Светлый фон

А в жизни художника не прекращались утраты. 21 июня 1547 года умер Себастьяно дель Пьомбо; хотя их отношения после размолвки по поводу того, какую штукатурку следует выбрать для фрески «Страшный суд», никогда более вполне не наладились, вероятно, весть о его смерти стала для Микеланджело ударом. В январе 1548 года скончался самый нелюбимый его брат Джовансимоне, уход которого, по крайней мере, послужил для Микеланджело поводом выбранить племянника Лионардо. Он обвинил молодого человека в том, что тот воспринимает смерть дяди с недопустимым легкомыслием: «Напоминаю тебе, что он был моим братом, и, как бы там ни было, его кончина моей душе далеко не безразлична»[1373].

Видимо, именно в эту мрачную пору Микеланджело написал одно из самых удивительных своих стихотворений. Речь в нем не о любви, не о Боге, не о неоплатонической метафизике. Это поэтические размышления о старости, одновременно и цинично-комические, и изобилующие скатологическими подробностями; дом Микеланджело выступает в них метафорой его стареющего тела с первых строк, где описывается его расположение на уличном рынке XVI века Мачелло деи Корви с царившей на нем невообразимой антисанитарией: «У входа кал горой нагроможден, / Как если бы обжоре-исполину / От колик здесь был нужник отведен… Кошачья падаль, снедь, дерьмо, бурда / В посудном ломе – все встает пределом / И мне движенья вяжет без стыда…»
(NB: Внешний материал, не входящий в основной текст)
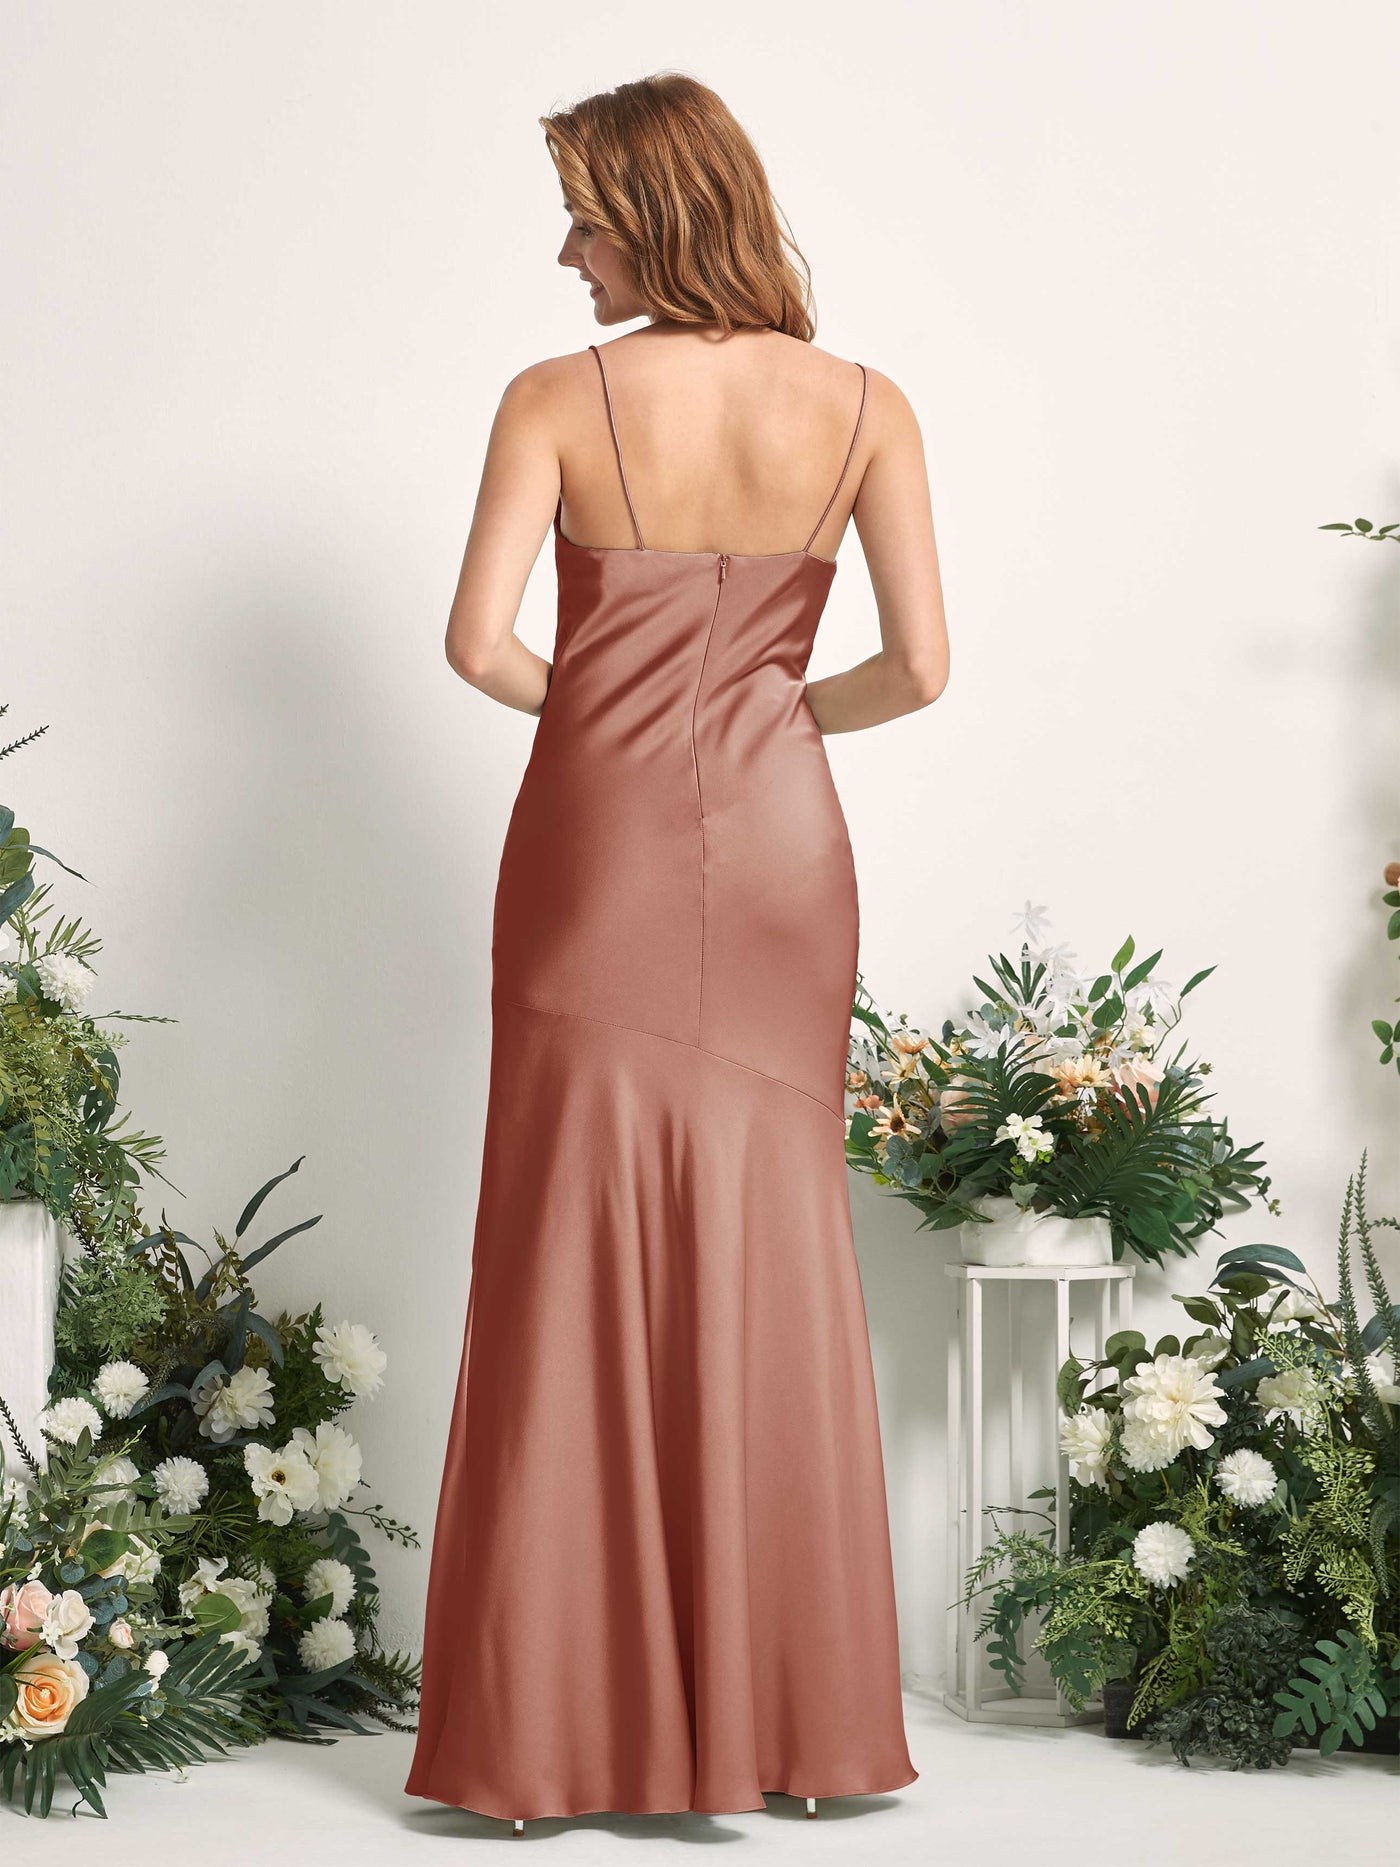 Raw Sienna Bridesmaid Dresses Bridesmaid Dress Mermaid/Trumpet Satin Spaghetti-straps Full Length Sleeveless Wedding Party Dress (80225615)#color_raw-sienna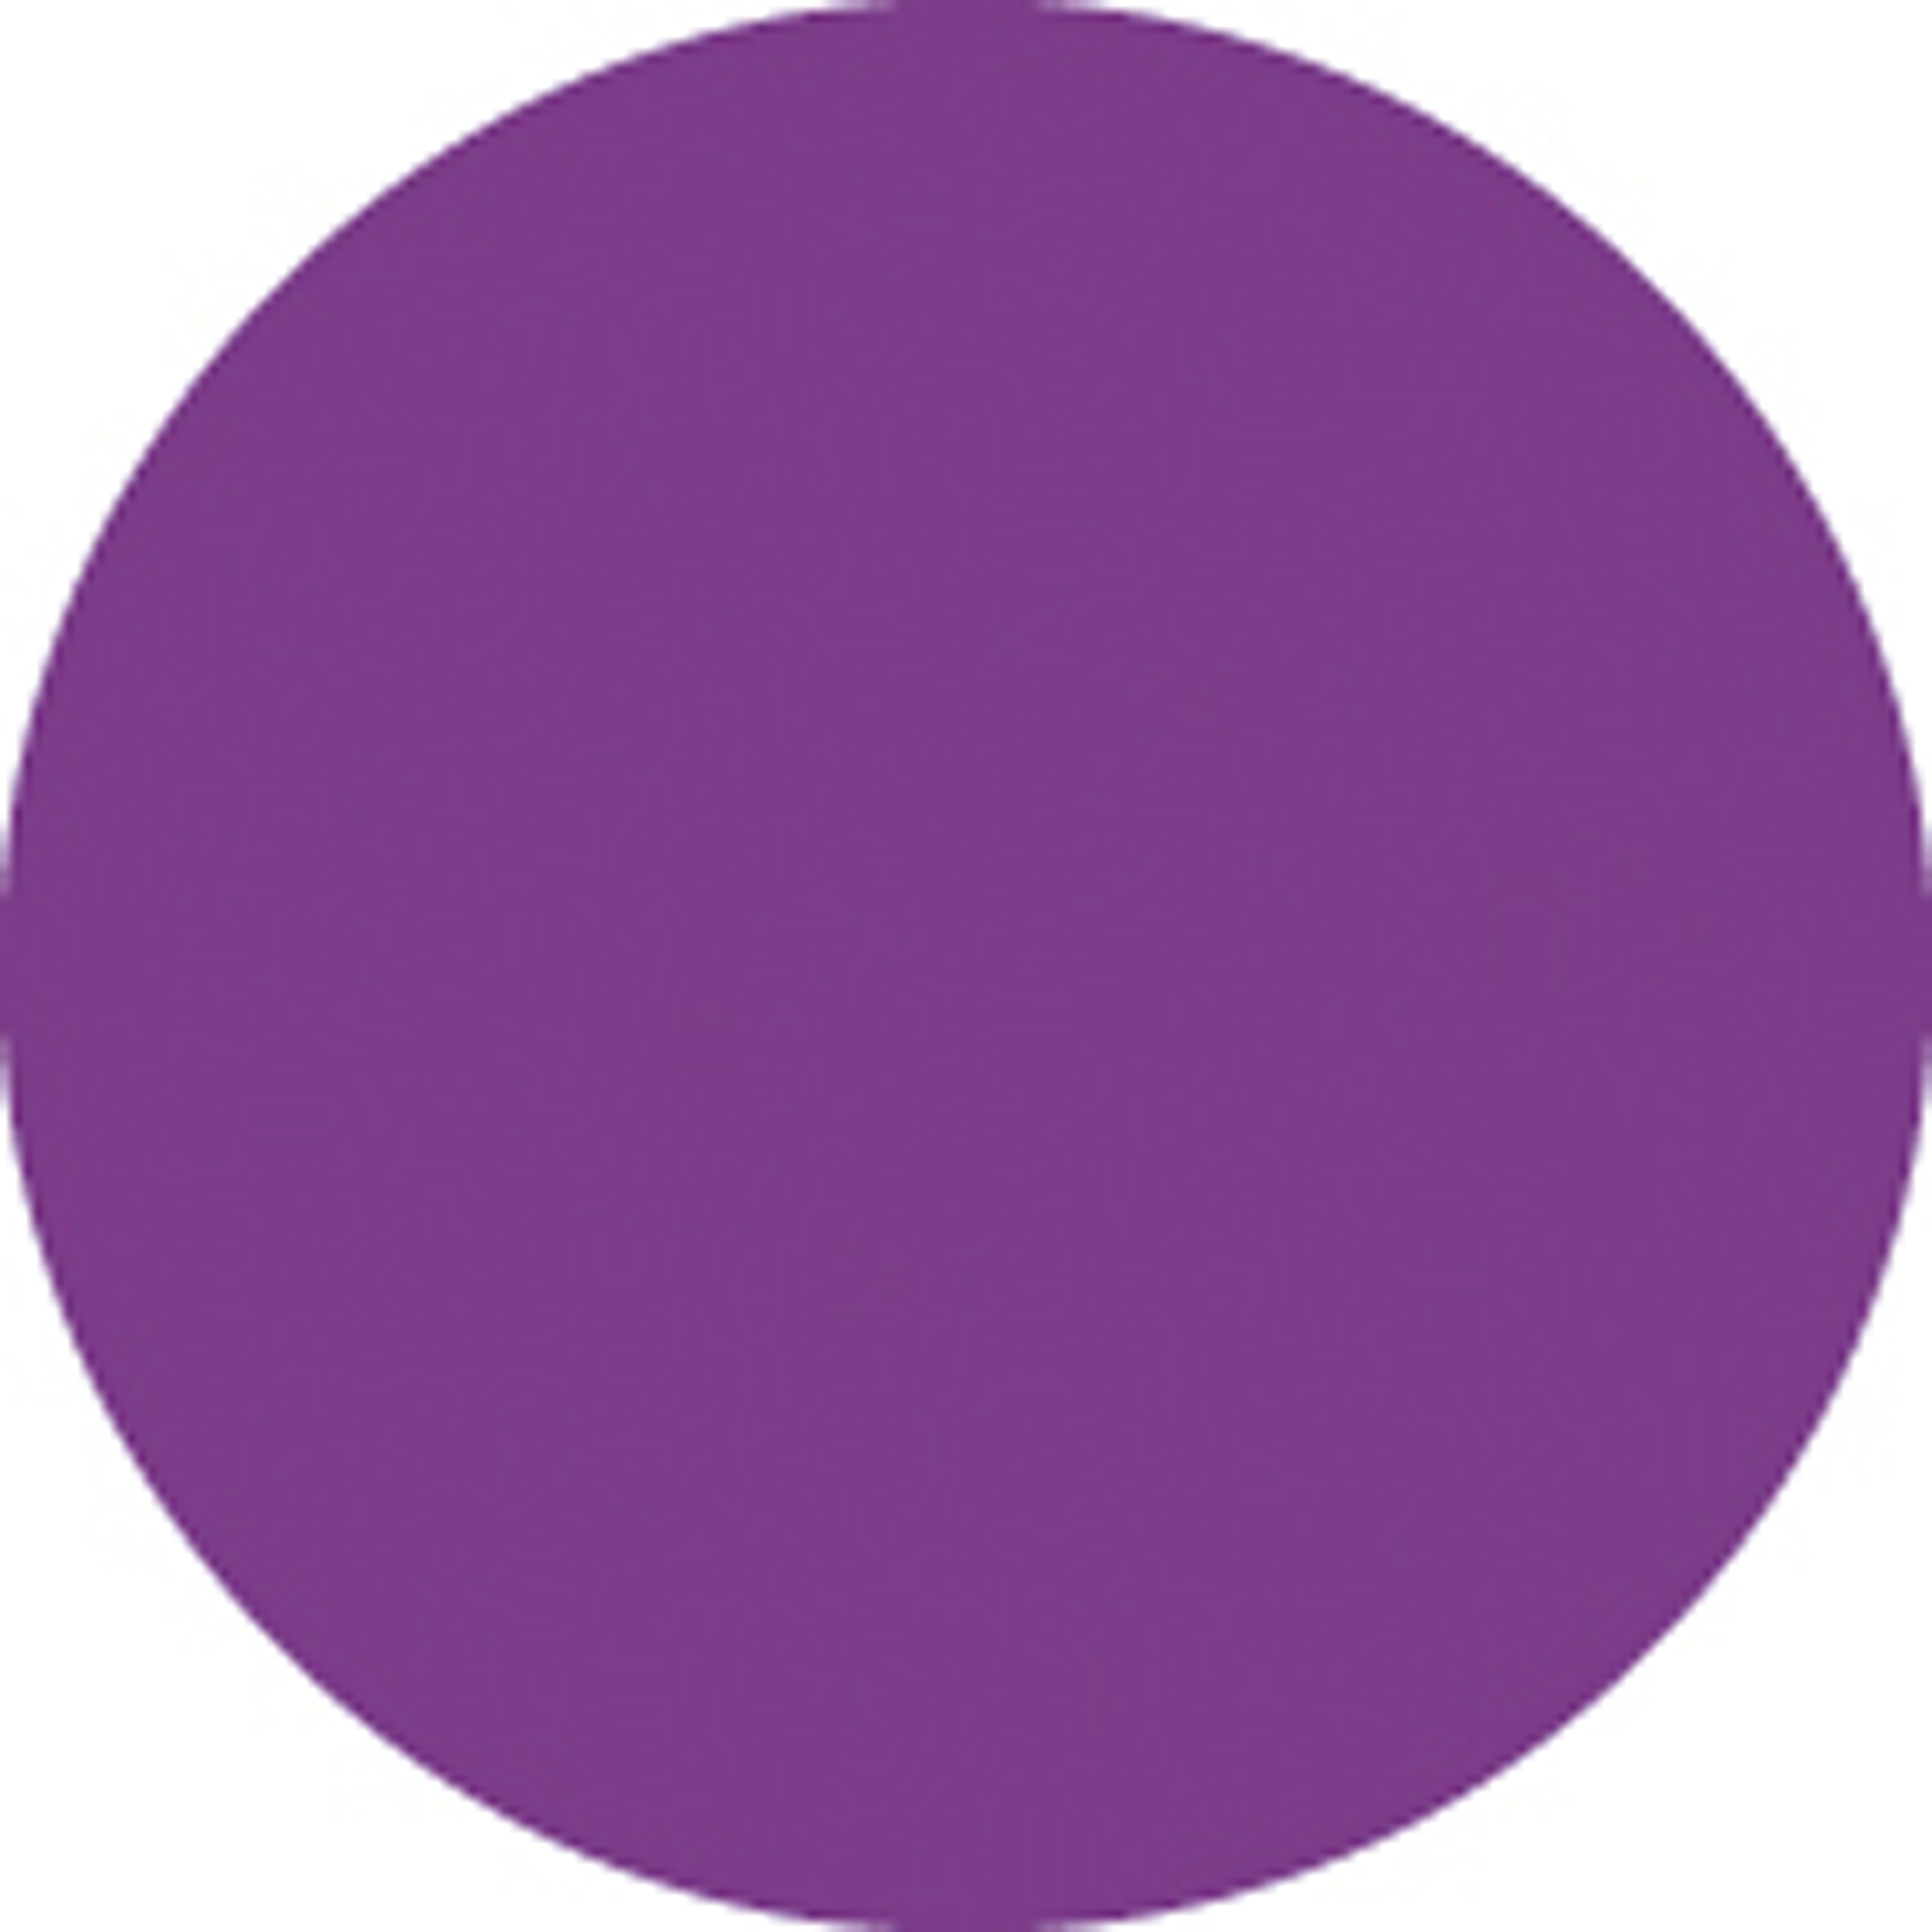 Showgear Colour Sheet 122 x 53 cm 170 Lavendelfarben

В стихотворении словно бы различимы отголоски шекспировской «Бури» и образы, напоминающие плененного духа Ариэля: «Я заточен, бобыль и нищий, тут, / Как будто мозг, укрытый в костной корке, / Иль словно дух, запрятанный в сосуд». Некогда великолепный дом, на взгляд желчного меланхолического автора, обратился в «могильную норку», «где лишь Арахна то вкушает сон, / То тянет нить кругом по переборке»[1374].

В стихотворении перечисляются его недуги и говорится об ослаблении всех способностей: «С озноба, с кашля я совсем размяк…», «калекой, горбуном, хромцом, уродом / Я стал…», «Крыла души подрезаны ножом…», «В мешке из кожи – кости да кишки…», «Глаза уж на лоб лезут из башки…», «Не держатся во рту зубов остатки – / Чуть скажешь слово, крошатся куски»[1375]. Прибегая к раблезианским гиперболам, Микеланджело настаивал, что он дряхлый, усталый старик: «Одышка душит, хоть и спать бы рад», «Влез в ухо паучишка-сетопряд, / В другом сверчок всю ночь поет по нотам», «Лицо, как веер, собрано все в складки – / Точь-в-точь тряпье, которым ветер с гряд / Ворон в бездождье гонит без оглядки». «Калекой, горбуном, хромцом, уродом / Я стал, трудясь, и верно обрету / Лишь в смерти дом и пищу по доходам». В оригинале он, весьма нелестно оценивая «Давида», «Моисея» и «Пьету», описывает свое искусство с помощью поразительной метафоры «tanti bambocci» («куча карапузов»), или, как предпочел передать этот образ английский переводчик Микеланджело Энтони Мортимер, «those big dolls» («большие неуклюжие куклы»).